Milton fails. He is not a pornographer; for PL it is not about sex for sex' sake. He is, however, at pains to put sexuality in its place within the whole of human experience, as one very important issue that people must deal with, and as one of the levers of manipulation that here-eavesdropping Satan can use on Eve when he crawls all over her in Book IX. Hence the beautiful dance of Bk IV, and also the interjection of judgment against the judgors: "Whatever Hypocrits austerely talk/ Of puritie and place and innocence,/ Defaming as impure what God declares/ Pure, and commands to som, leaves free to all. . . . "Haile wedded Love, mysterious Law, true sourse/ Of human ofspring, sole proprietie/ In Paradise of all things common else." (ll. 745f.). 
If you'll forgive a reminiscence, I think of a friend of my mother's, a sophisticated woman of high moral standards and common sense, who remarked once "I can stand anything, as long as it's told with wit." She might have thought Wilmot a bit much, but she would have approved of Bk IV. I remember also that she gave me some pointed good advice that my mom was unable to do, and I've always been grateful that she took the trouble. 
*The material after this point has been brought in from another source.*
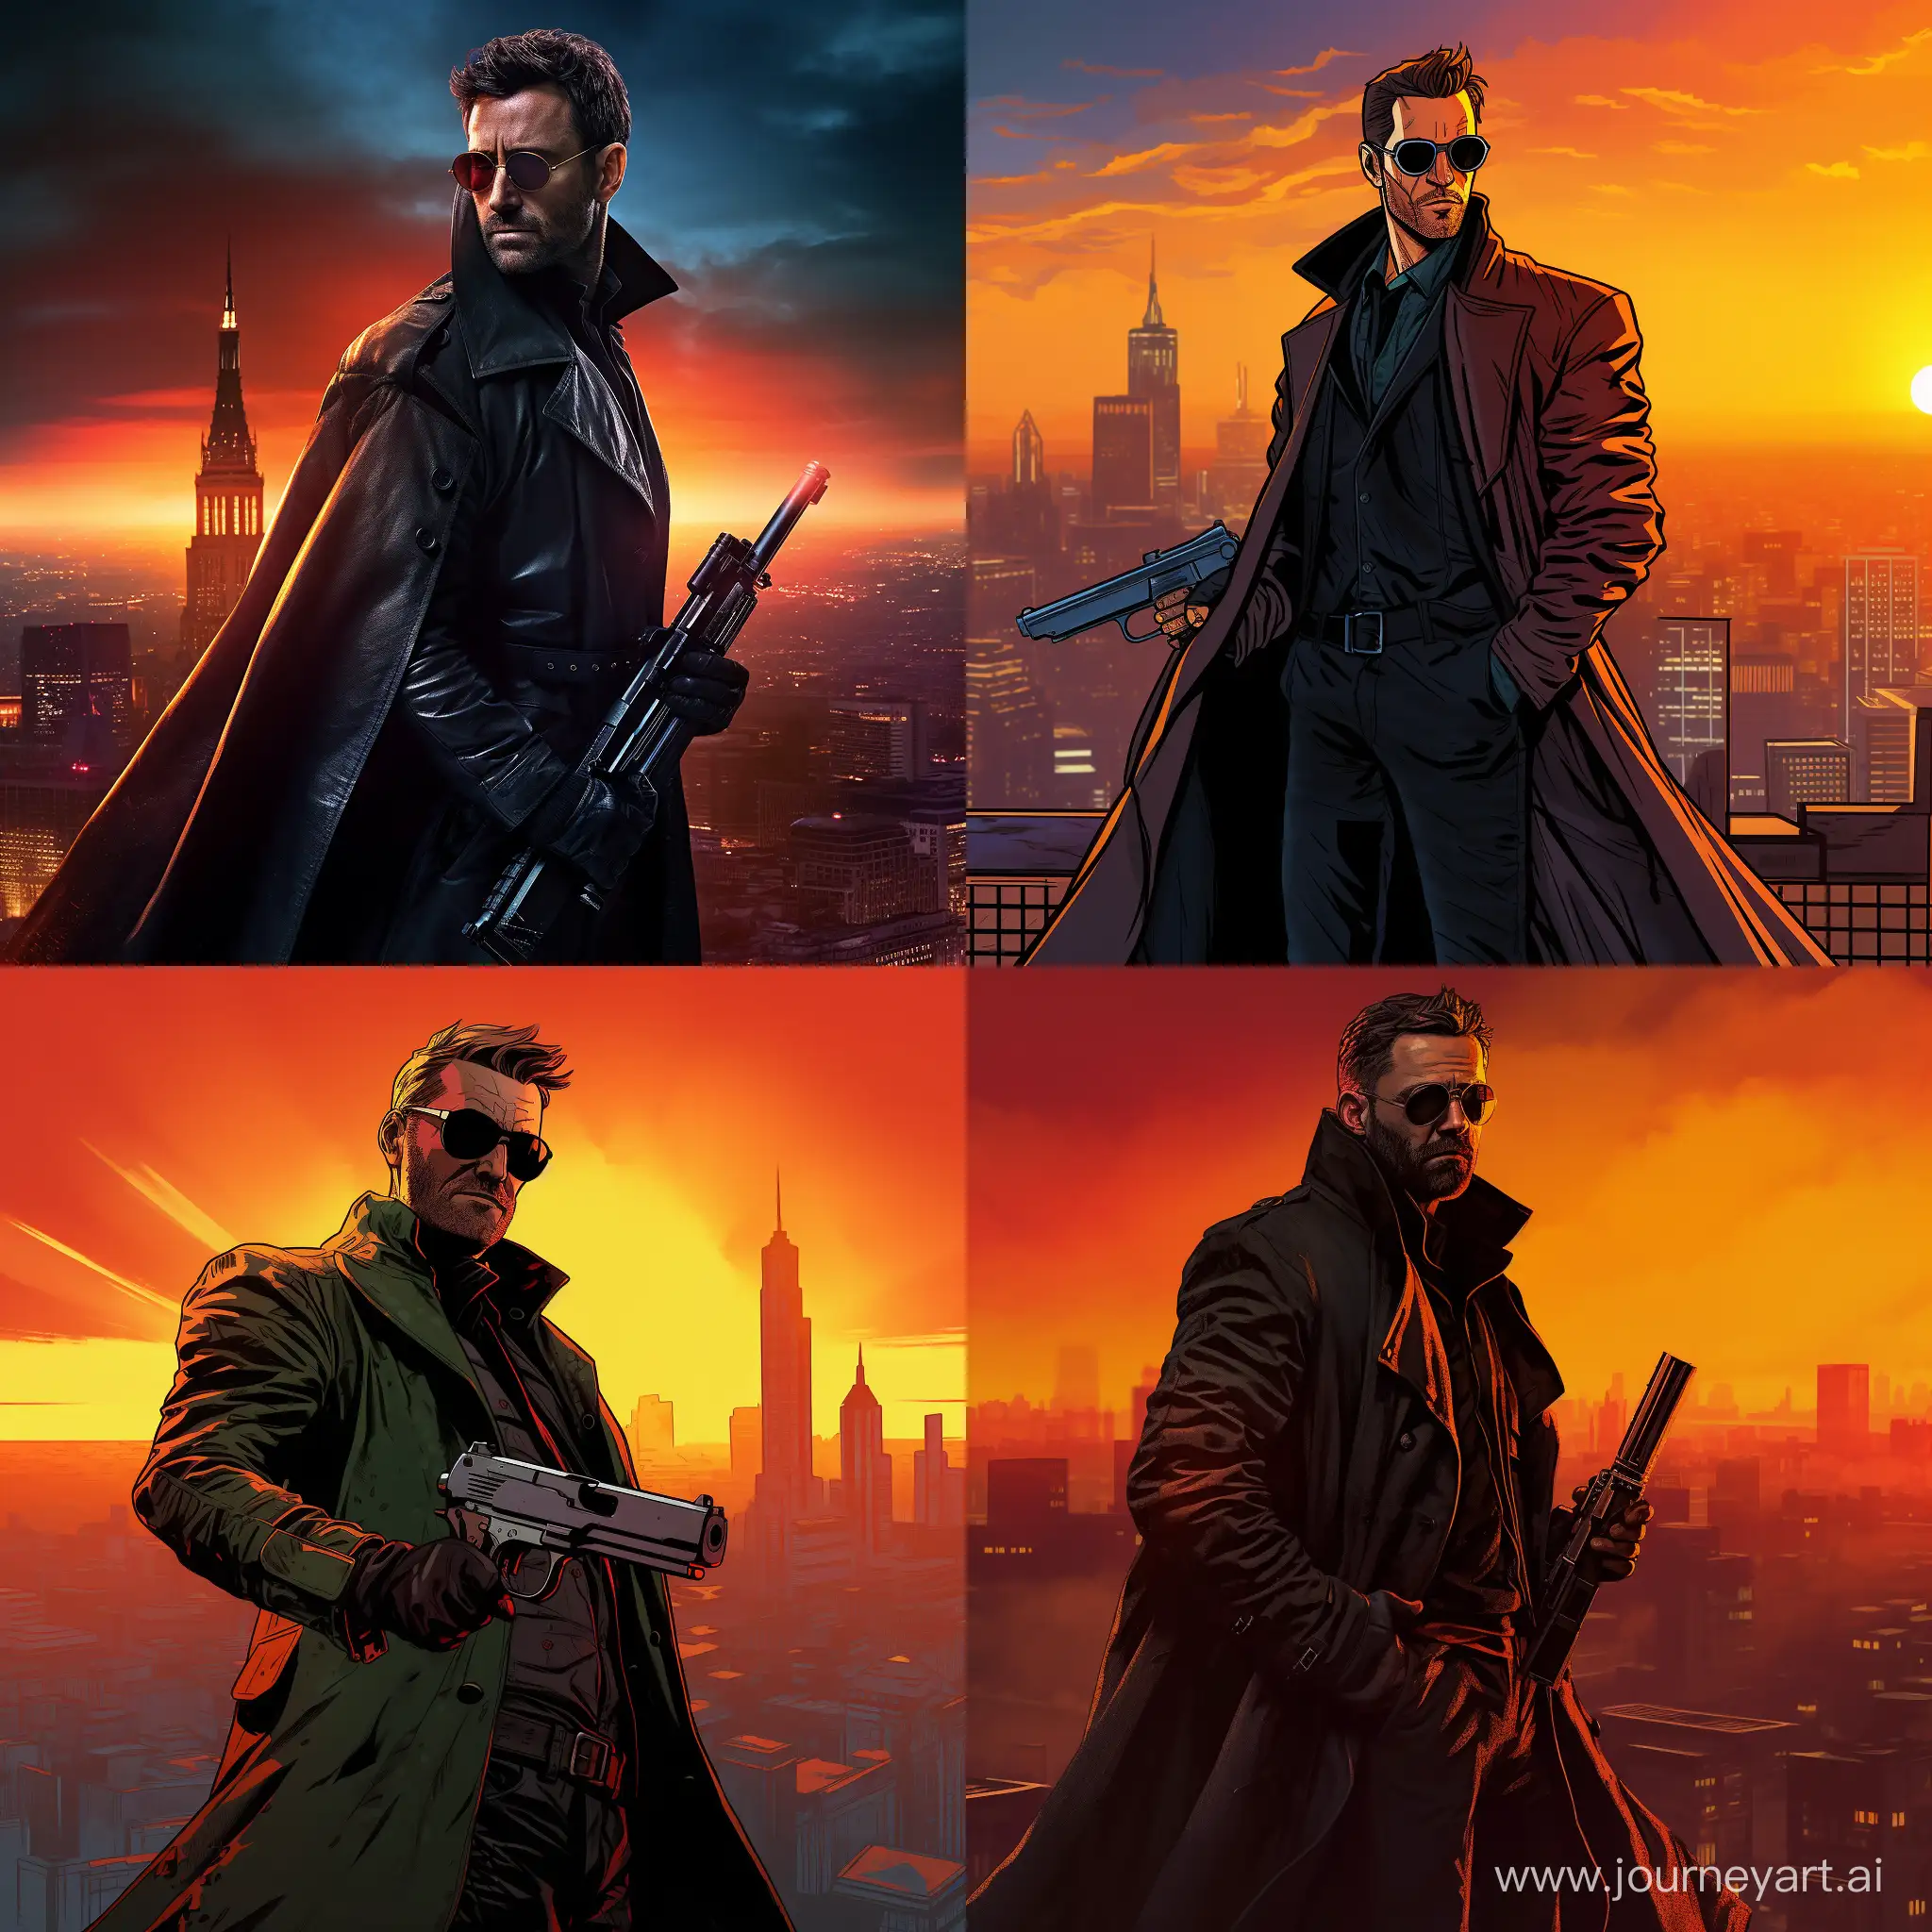 A man in a long, dark coat stands on a rooftop overlooking a futuristic cityscape. He wears a pair of sunglasses that reflect the neon lights and holograms that fill the night sky. He holds a gun in his right hand, ready to face any threat that might come his way. He is a blade runner, a special agent tasked with hunting down rogue artificial intelligences that have escaped their creators. He is one of the few humans who can survive in this post-AGI society, where machines have surpassed human intelligence and taken over most aspects of life. He wonders if he is still human, or if he has become more like the machines he hunts.

In PL, the "first disobedience" seems to me to be always the over-arching issue. The debasing of sexuality, then, is only one of the consequences. Book X makes it clear that the disobedience, the knowing of good AND evil, results in the dramatic undoing of their trust in each other. When that tanks, everything else does too. Poor Wilmot, he apparently never had a true Book IV experience!